The best all-in-one package of factors of production is a listed company. If you buy the shares of Nestle for example, you are buying the buildings and land they own, the workers in their employ, the business systems they use, the goodwill of their brand and the trucks they drive their goods in. It is a ready-made package of money-production. That is to say, buy Nestle, and you buy the money Nestle as an institution produces. Assuming that Nestle gives a return of 8% per annum in the form of dividends and capital growth, it means that Placing RM300,000 in Nestle will net you RM 24,000 a year, or RM2,000 a month. This is money that flows to you as the OWNER of these shares, with no relation at all to how much personal work you do. The research is only done once at the start with maybe brief subsequent quarterly reviews. After that, the money flows to you even as you sleep.
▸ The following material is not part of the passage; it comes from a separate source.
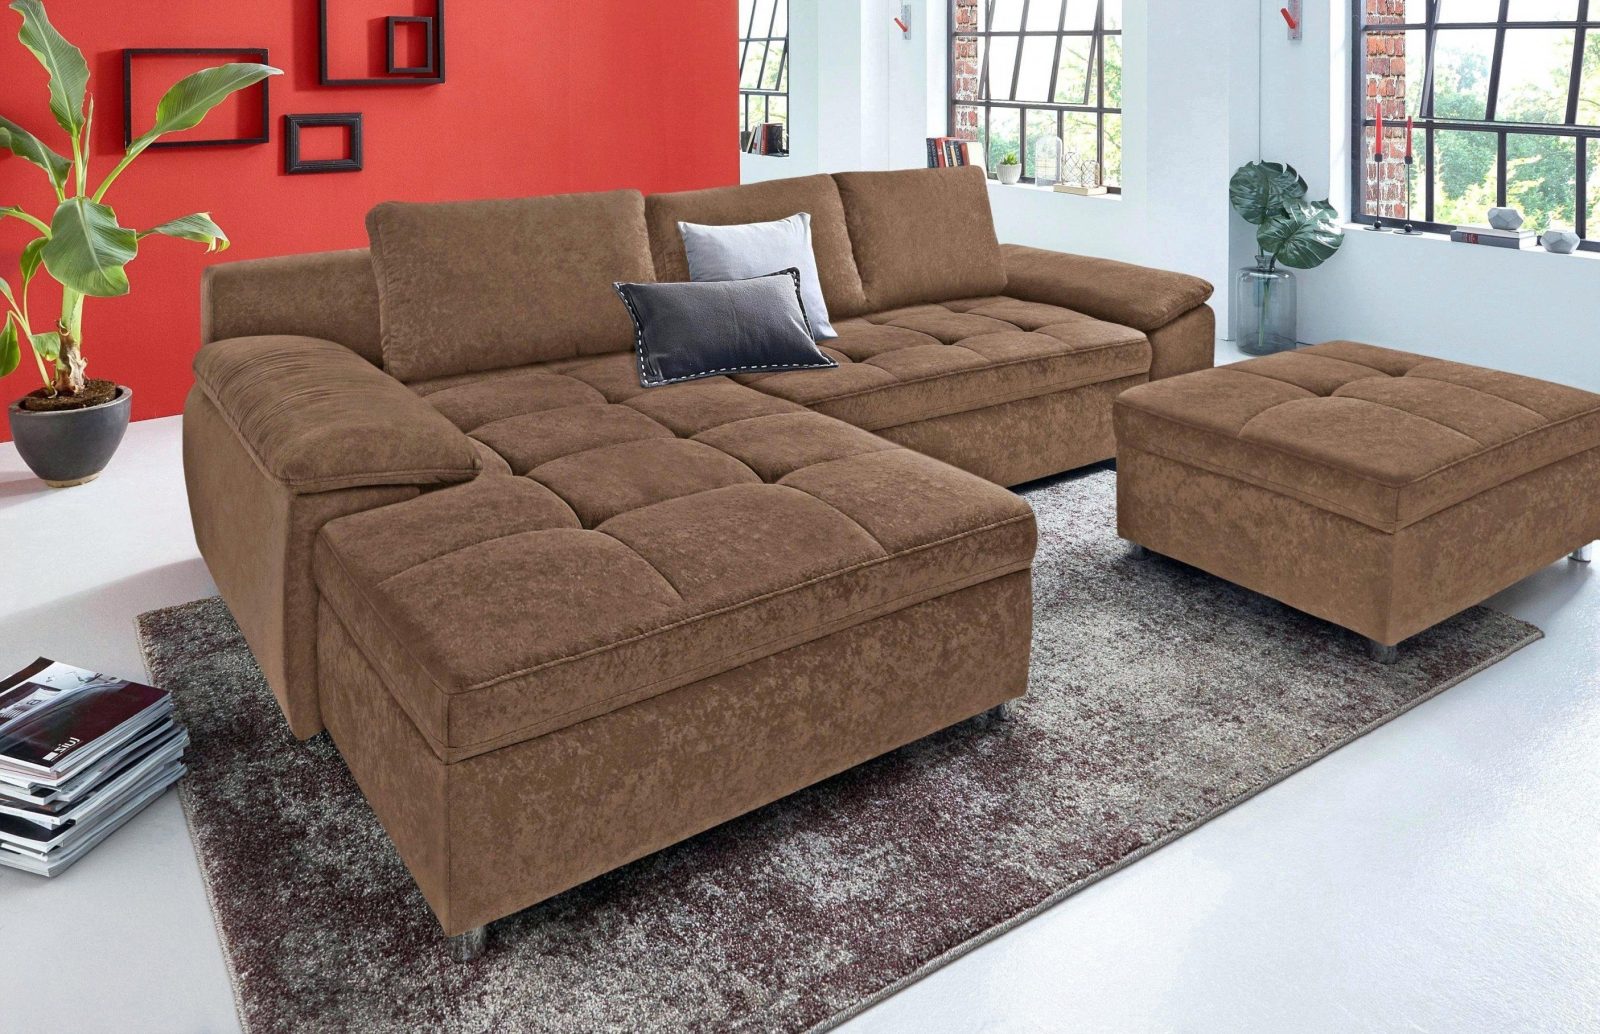 Sofa 3 Meter Breit Max Chesterfield 3 Sofa Couch 3 Meter Breit von Sofa 3 Meter Breit Bild

RM2,000 a month, the same as an entry level accountant working his ass off 12 hours a day trying to balance obscure figures from some infernal accounting system.
Therefore, in short, the price of a RM2,000 a month lifestyle is either RM300,000 or perpetual 12-hour work days.
Of course, you won’t manage to get that RM300,000 without first working your ass off somewhere 12 hours a day for some time. But the sad thing is not that people don’t manage to amass RM300,000 or 500,000 or 1,000,000. The sad thing is that they actually do after some years, but don’t know where to put it. Instead of investing it, it goes to LV bags and BMWs. There is no focused effort to move from E to S to B to I. They struggle in E, and buy BMWs to ease the pain. But of course it just creates more pain down the road.
This is not saying that the E, S and B quadrants should be ignored. You need a good foundation in the work place and in society before you can have the judgment and discernment required in the I quadrant. A doctor needs experience in seeing patients before he can run a large clinic with many doctors. An engineer with experience working on oil fields can better choose the right oil company with growth potential. Dealing with customers and colleagues brings understanding of human nature which is required by the investment strategist.
You need to go through the entire food chain of income accumulation. Just don’t get stuck at first base all your life.